Arbella had a claim to the throne of England through her father, Charles Stuart. Arbella was the great-granddaughter of Margaret Tudor, cousin to James VI of Scotland and niece of Mary Queen of Scots.
However, it is Arbella’s maternal grandmother who links her to Hardwick. Arbella was the grand-daughter of Bess of Hardwick and lived with her, after the early deaths of her parents.
‘Bess was born at Hardwick in about 1527…The Hardwicks were minor gentry who had been established at Hardwick for at least six generations. They owned a few hundred acres and lived in a small manor house on the site of Hardwick Old Hall.’ (1)
After the breakdown of her fourth and final marriage, Bess bought the house and land from her brother James. ‘Between about 1585 and 1590 (Bess) enlarged and remodelled the old house to become what is now known as Hardwick Old Hall.’ (2)

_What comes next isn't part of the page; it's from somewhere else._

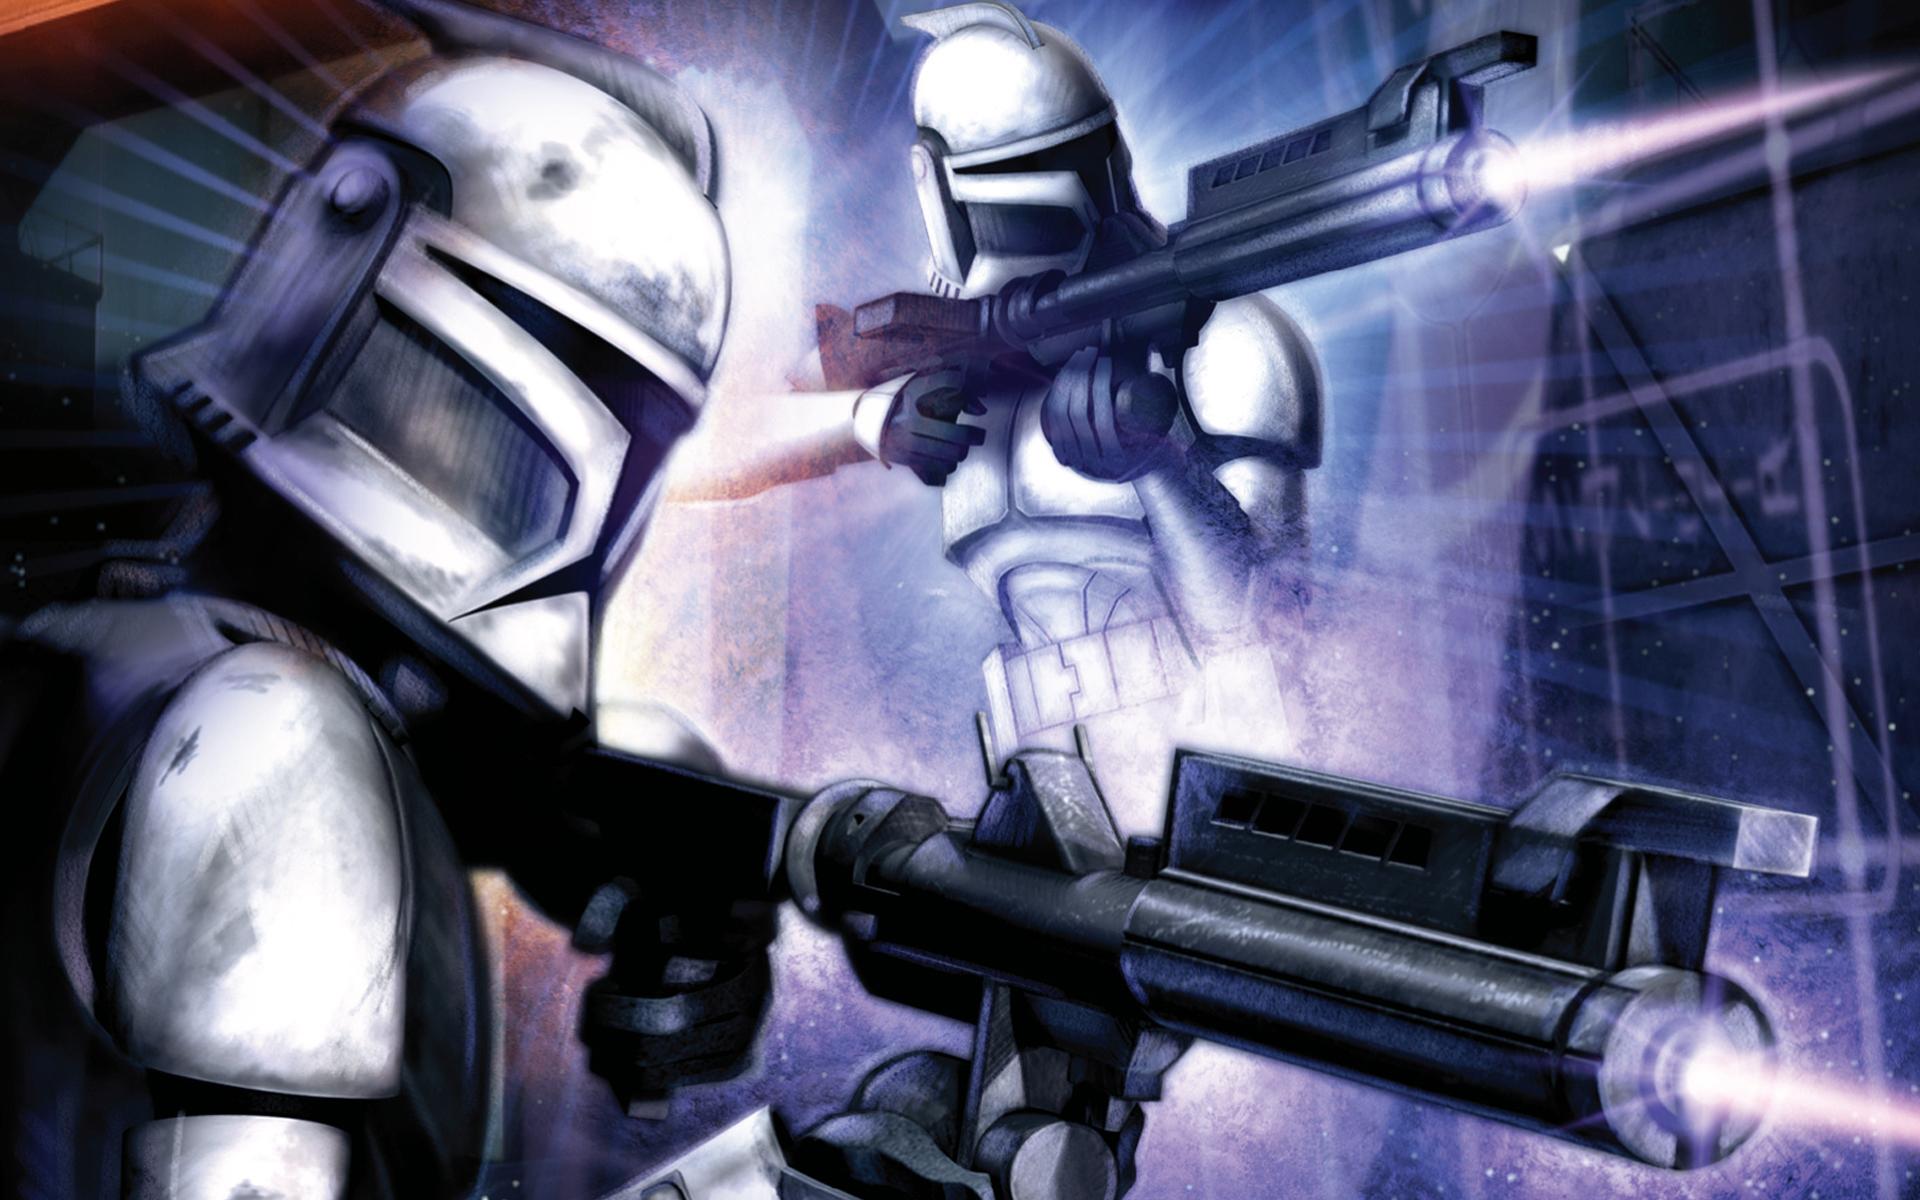 47 Star Wars 1080p Hd Wallpaper On Wallpapersafari
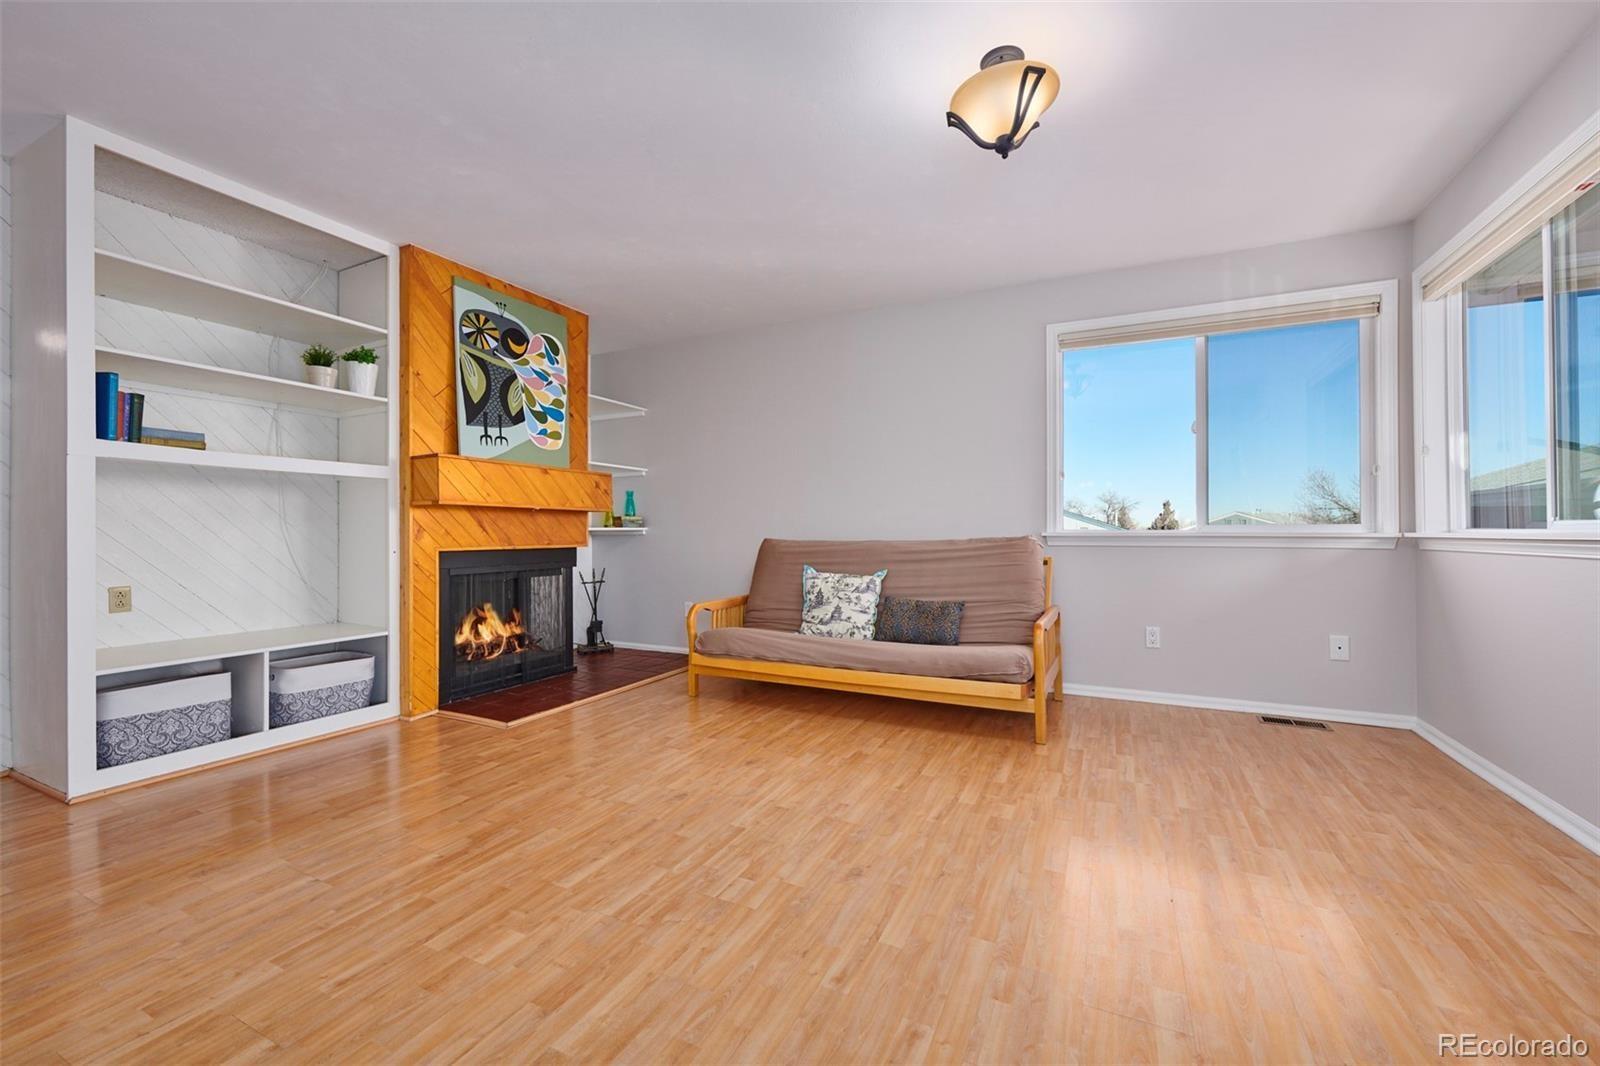 MLS# 4164486 - 7 - 4207 Monroe Drive #D, Boulder, CO 80303

In 1590, Bess’s husband, Lord Shrewsbury, died. It was then that ‘she laid out the foundations of a new, larger and grander house a few yards away from the still uncompleted Hardwick Old Hall….The next thirteen years were spent in building and furnishing Hardwick…’ (3)
‘Various means were used to obtain complete all-round symmetry at Hardwick, and yet provide the rooms of all shapes and sizes that were needed. A few windows are completely false and have chimneypieces behind them.’ (4)
‘The portrait of Arbella Stuart as a toddler…is surely too idiosyncratic not to have been painted from life.’ (5)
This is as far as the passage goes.